◆ **Raw data**
* * * * * * * * *

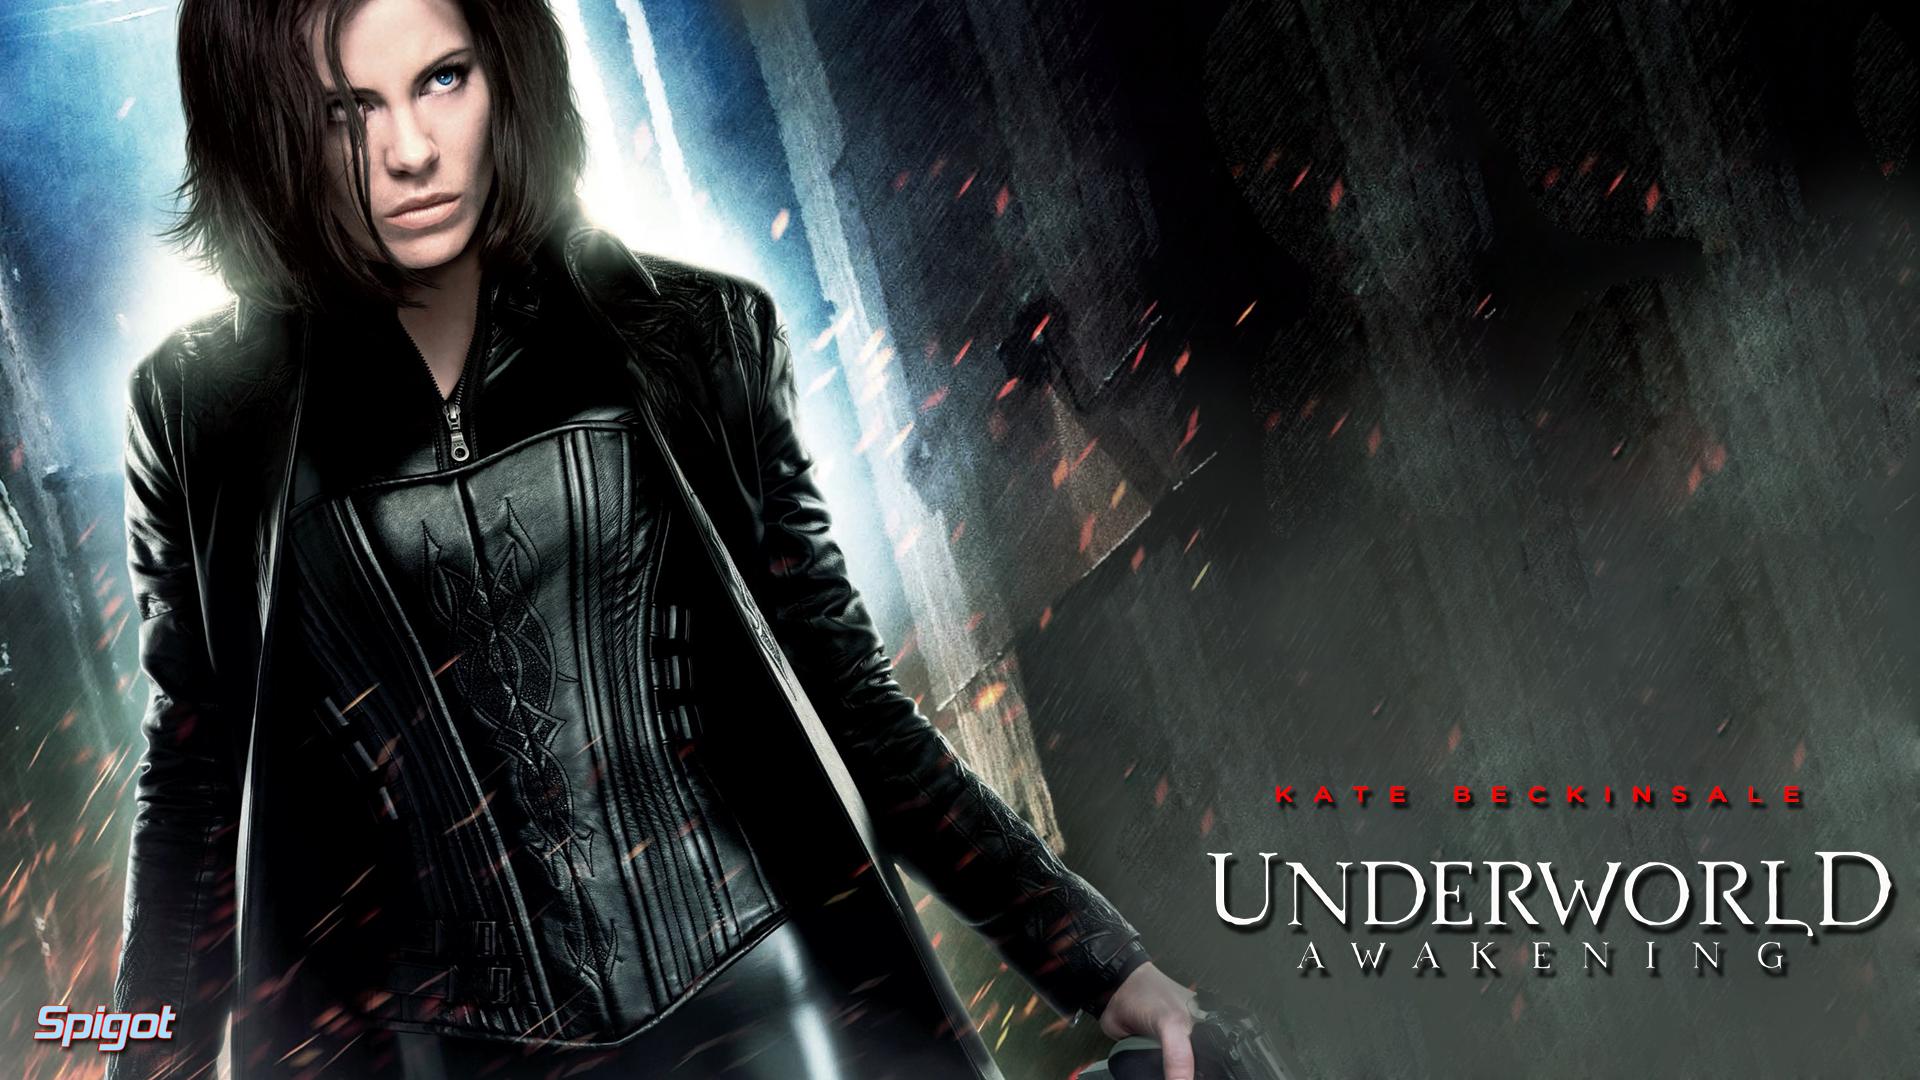 Underworld Awakening Poster wallpaper   558618 1920x1080
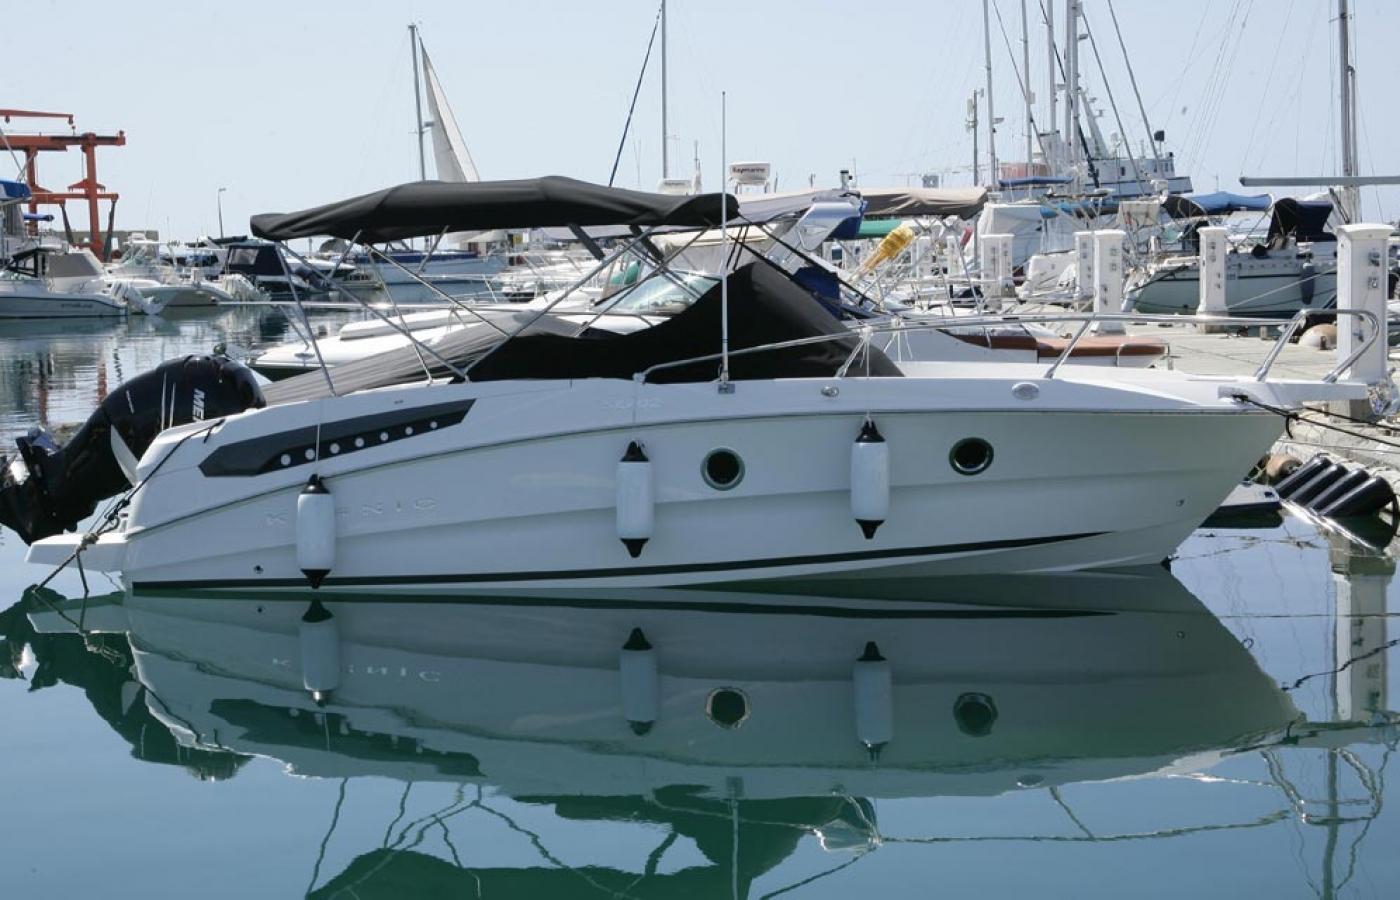 Karnic SL702 at Piso Livadi Port bay
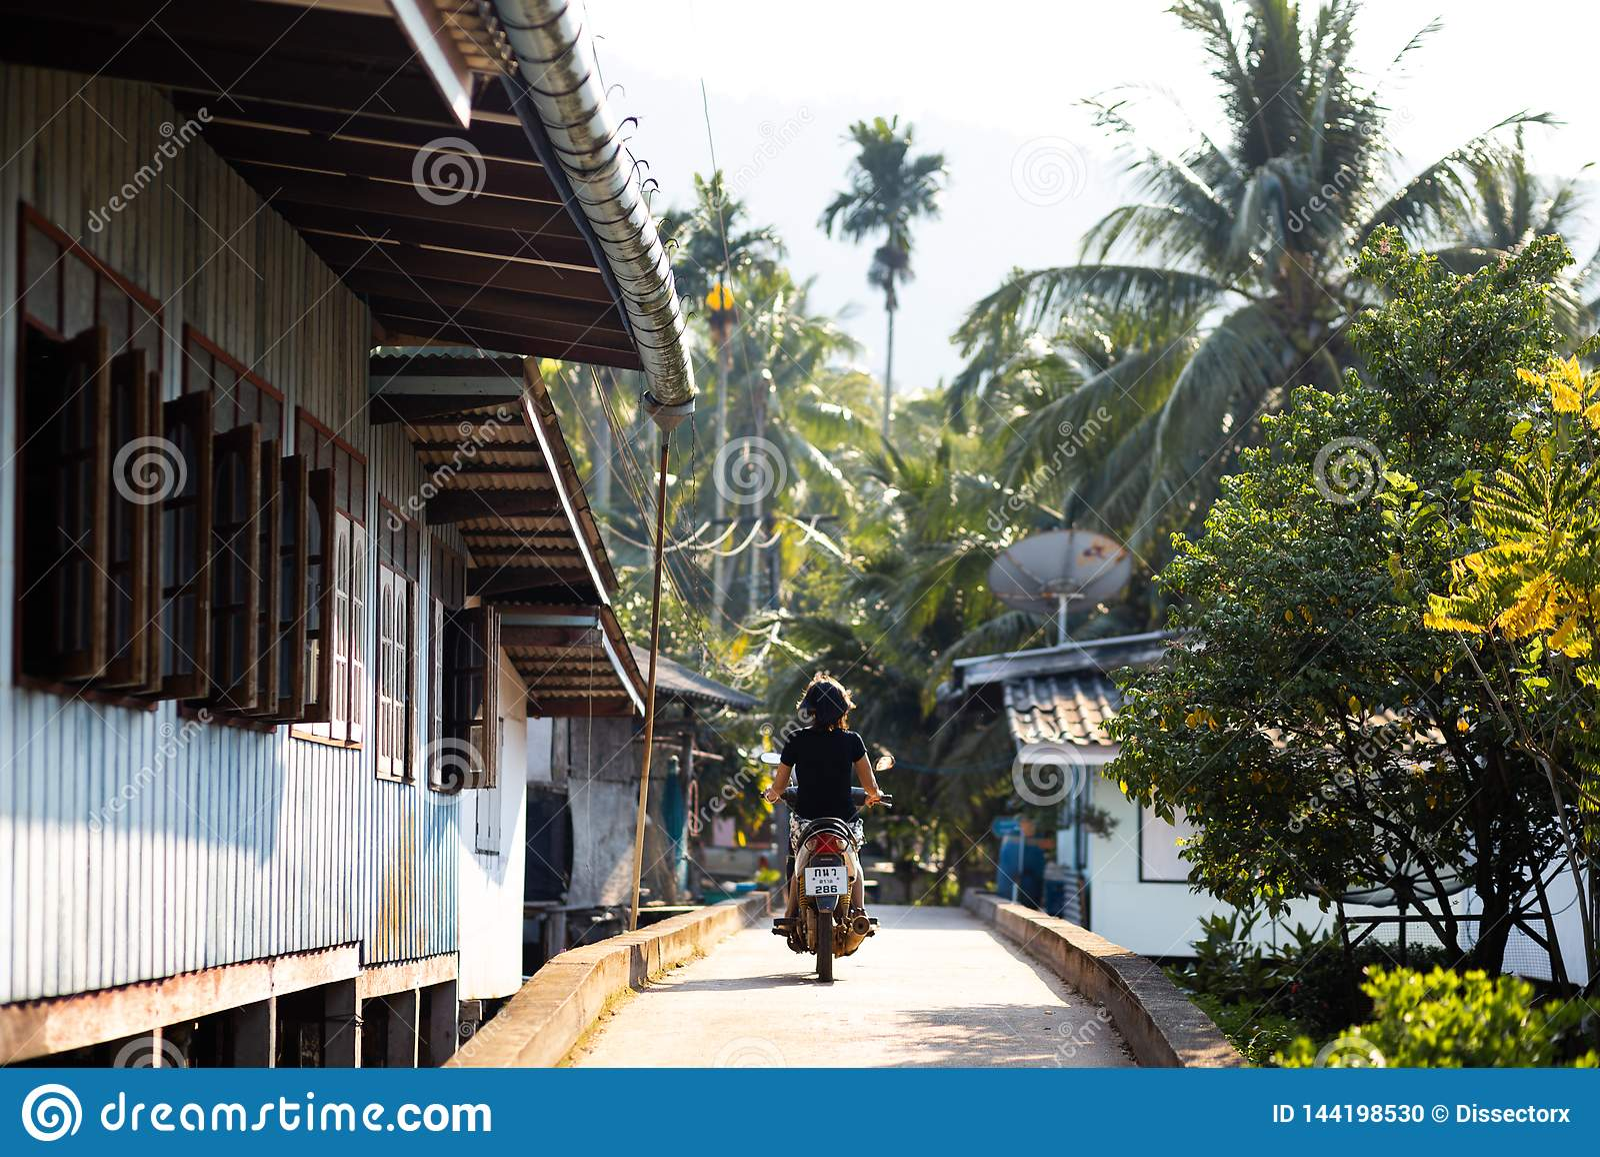 KO CHANG, ΤΑΪΛΆΝΔΗ - 10 ΑΠΡΙΛΊΟΥ 2018: Χωριό των αυθεντικών παραδοσιακών ψαράδων στο νησί - άνθρωποι και παιδιά μέσα

* * * * * * * * *

◆ **What is expected**
Output the line containing "Karnic SL702 at Piso Livadi Port bay" along with every line after it to the end of the material, exactly as written, but without pictures.

◆ **The answer**
 Karnic SL702 at Piso Livadi Port bay
 KO CHANG, ΤΑΪΛΆΝΔΗ - 10 ΑΠΡΙΛΊΟΥ 2018: Χωριό των αυθεντικών παραδοσιακών ψαράδων στο νησί - άνθρωποι και παιδιά μέσα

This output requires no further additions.